**DATASET EXTRACT**
┏━━

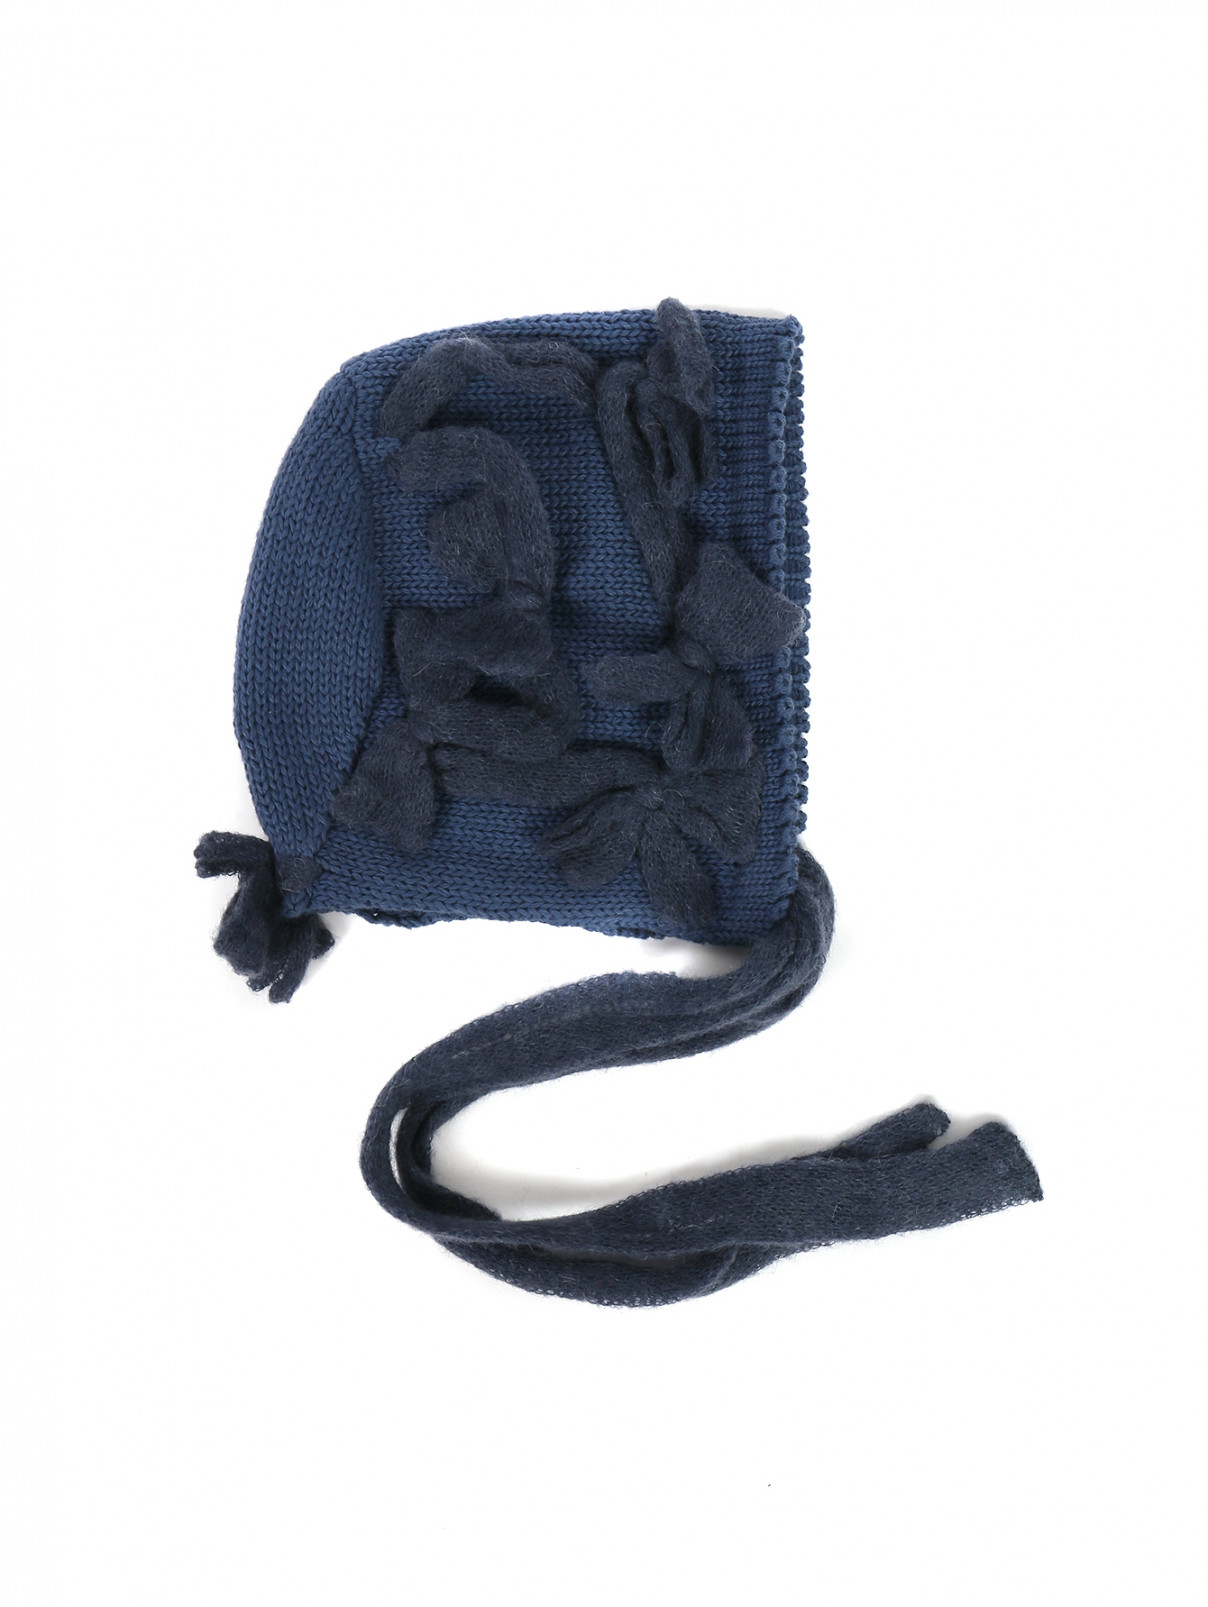 Шапка из хлопка с бантами на завязках I Pinco Pallino  –  Общий вид  – Цвет:  Синий
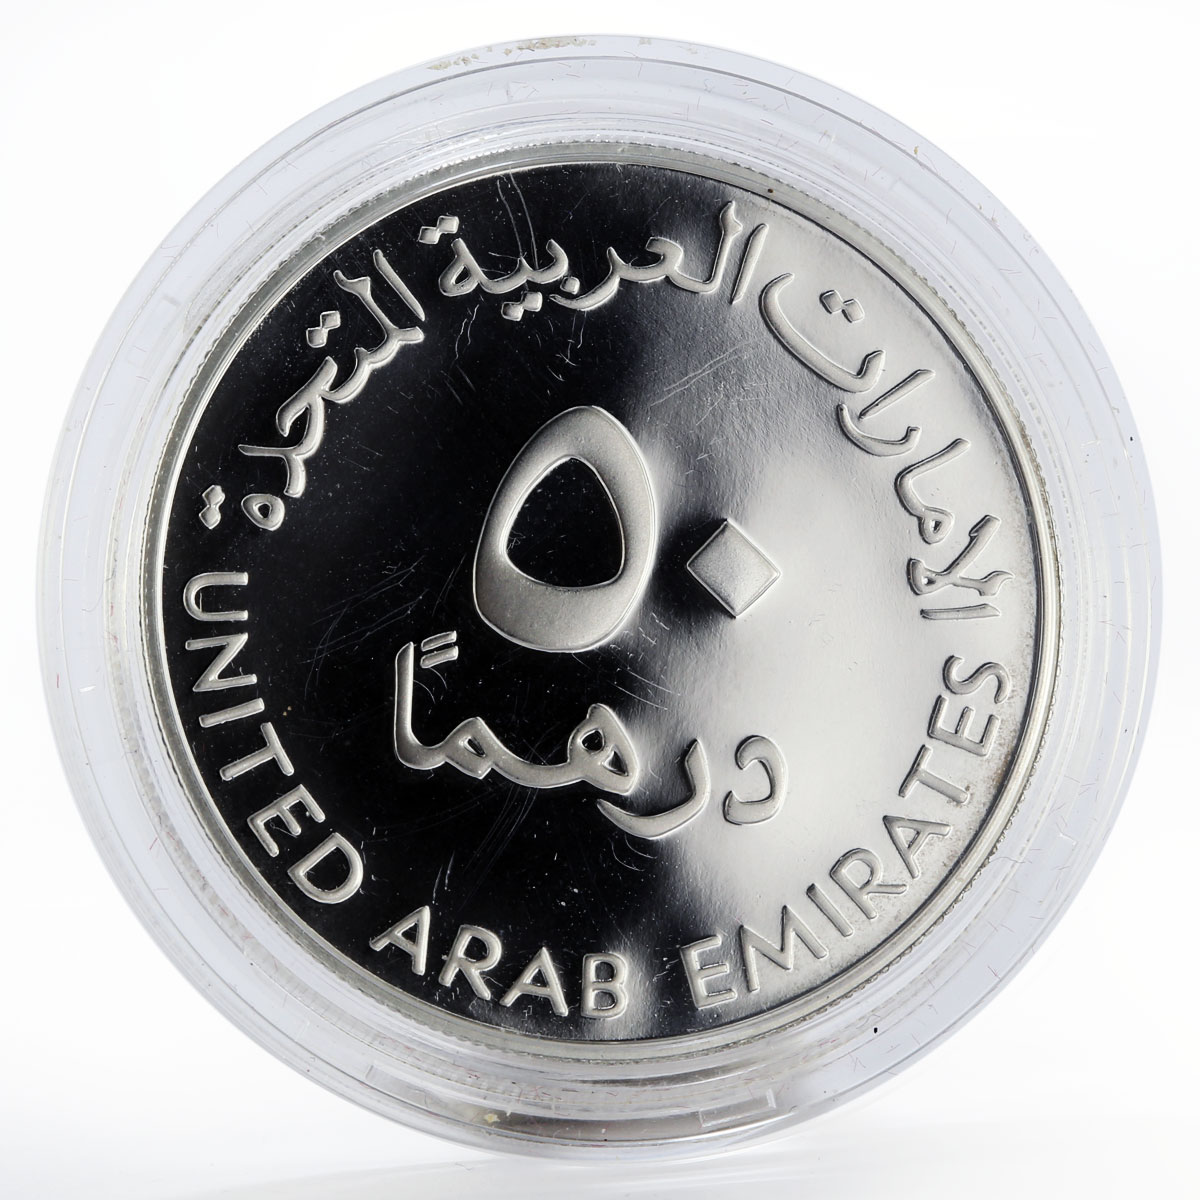 United Arab Emirates 50 dirhams Sharjah City for Humanitarian silver coin 2004
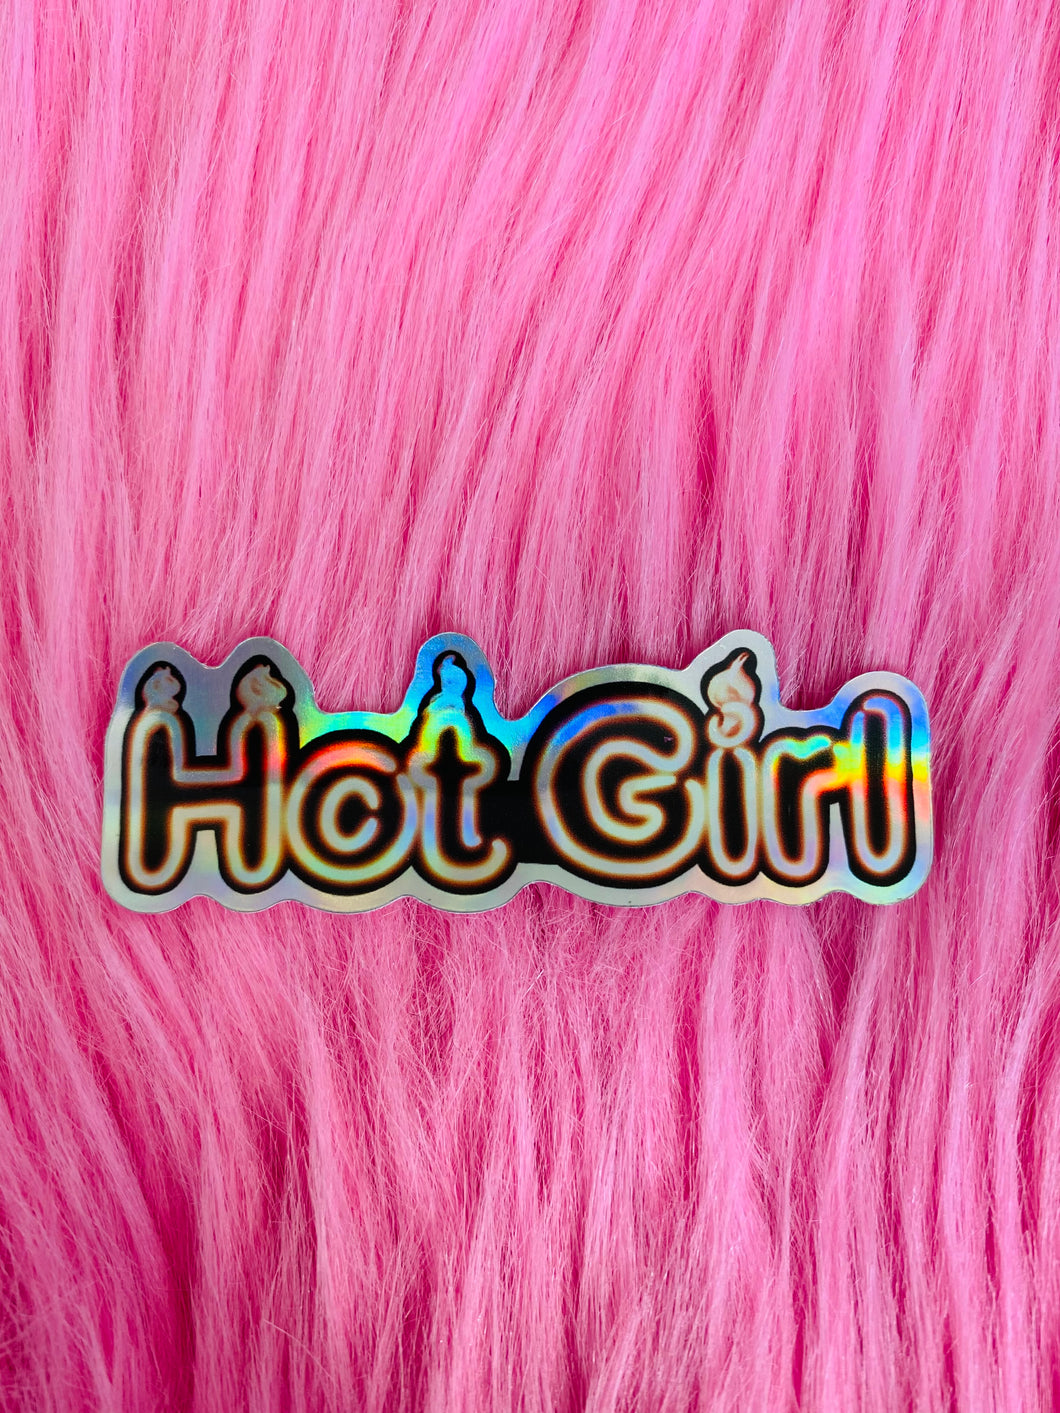 Real Hot Girl Sticker
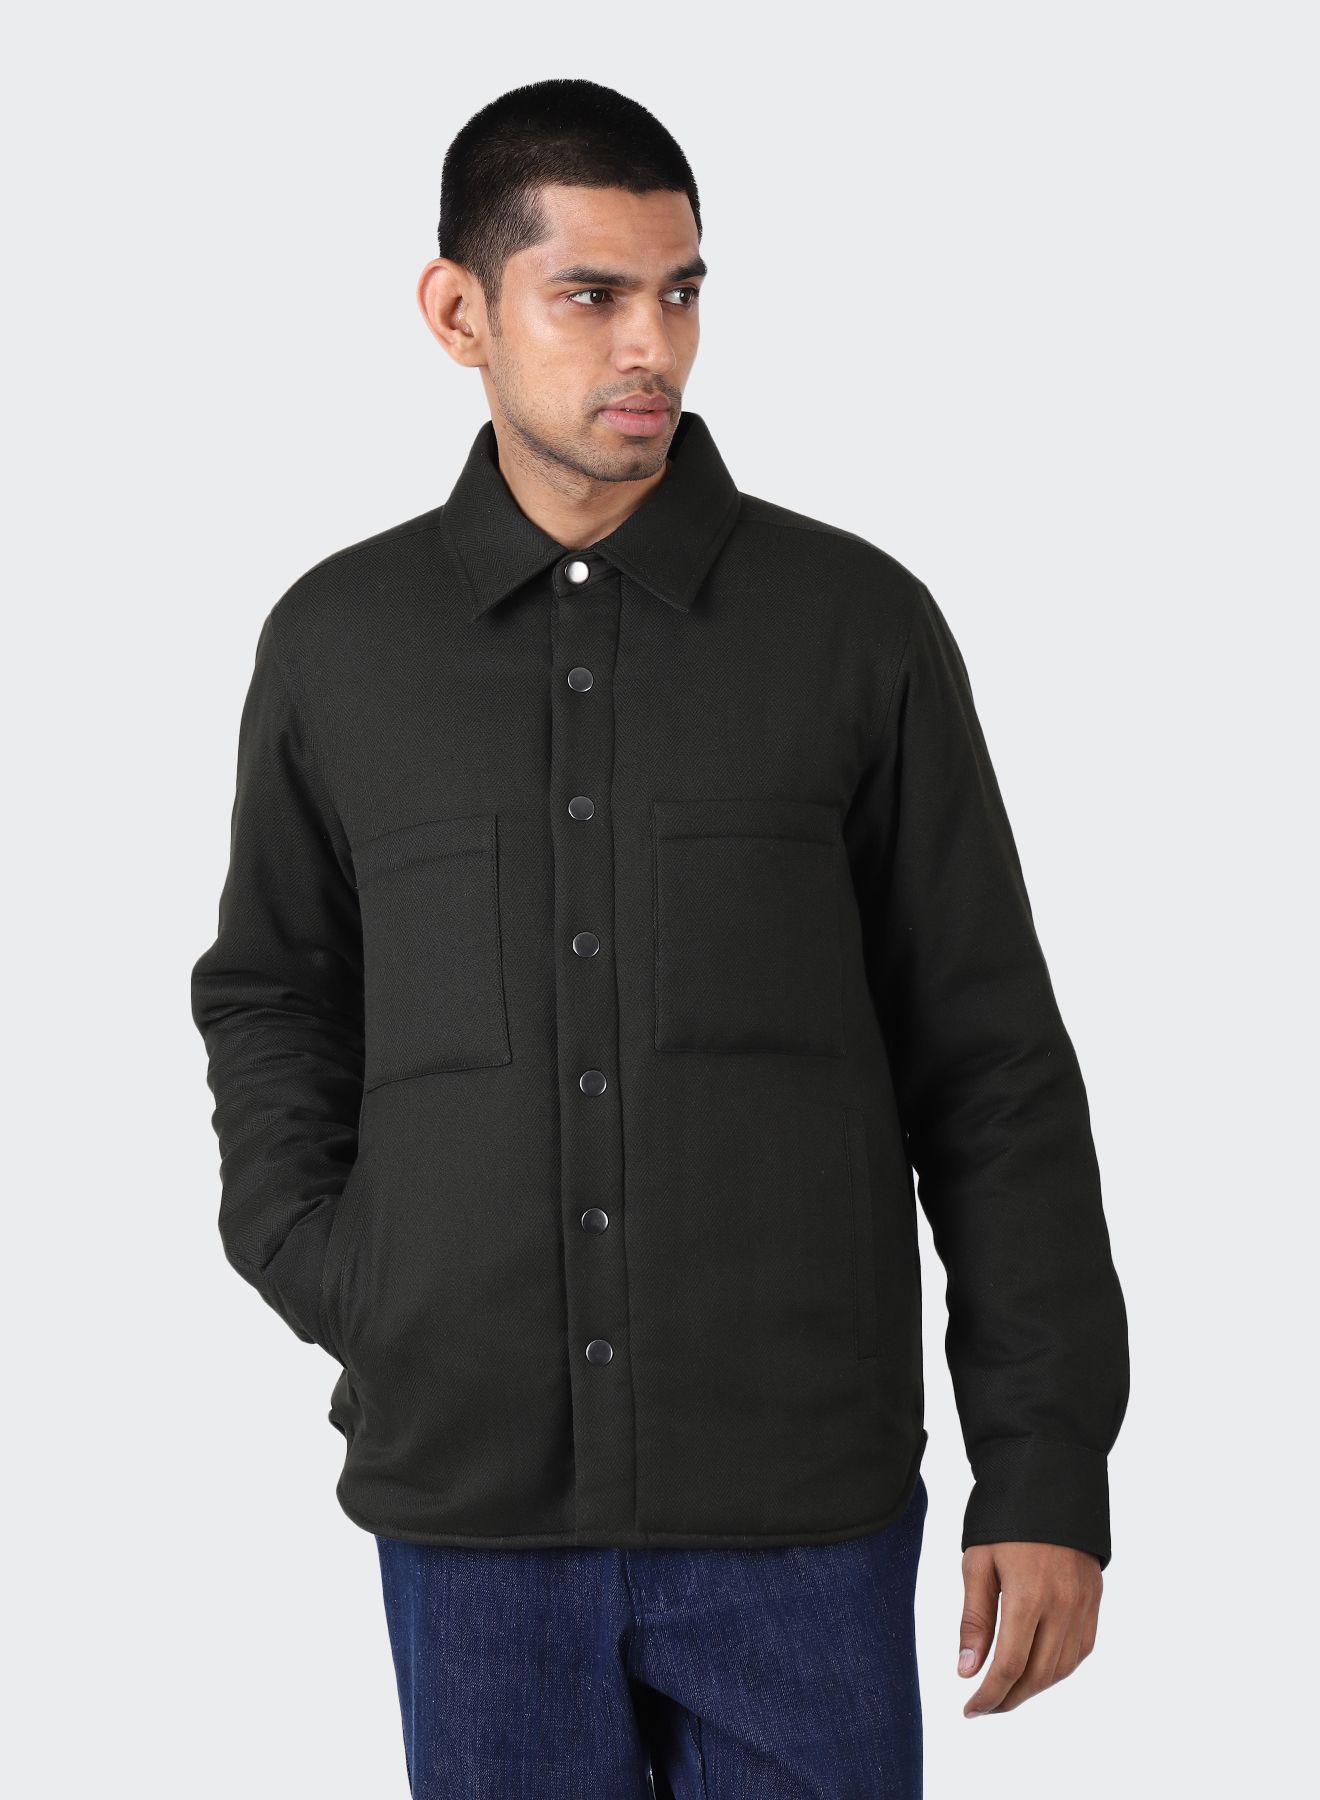 Kardo Chintan Short Sleeve Shirt BP69 Tiger Print Black — Aggregate Supply

┗━━

**WHAT TO WORK ON**
Except for the pictures, return every line of the material exactly.

**RESPONSE TO THIS TASK**
 Шапка из хлопка с бантами на завязках I Pinco Pallino  –  Общий вид  – Цвет:  Синий
 United Arab Emirates 50 dirhams Sharjah City for Humanitarian silver coin 2004
 Real Hot Girl Sticker
 Kardo Chintan Short Sleeve Shirt BP69 Tiger Print Black — Aggregate Supply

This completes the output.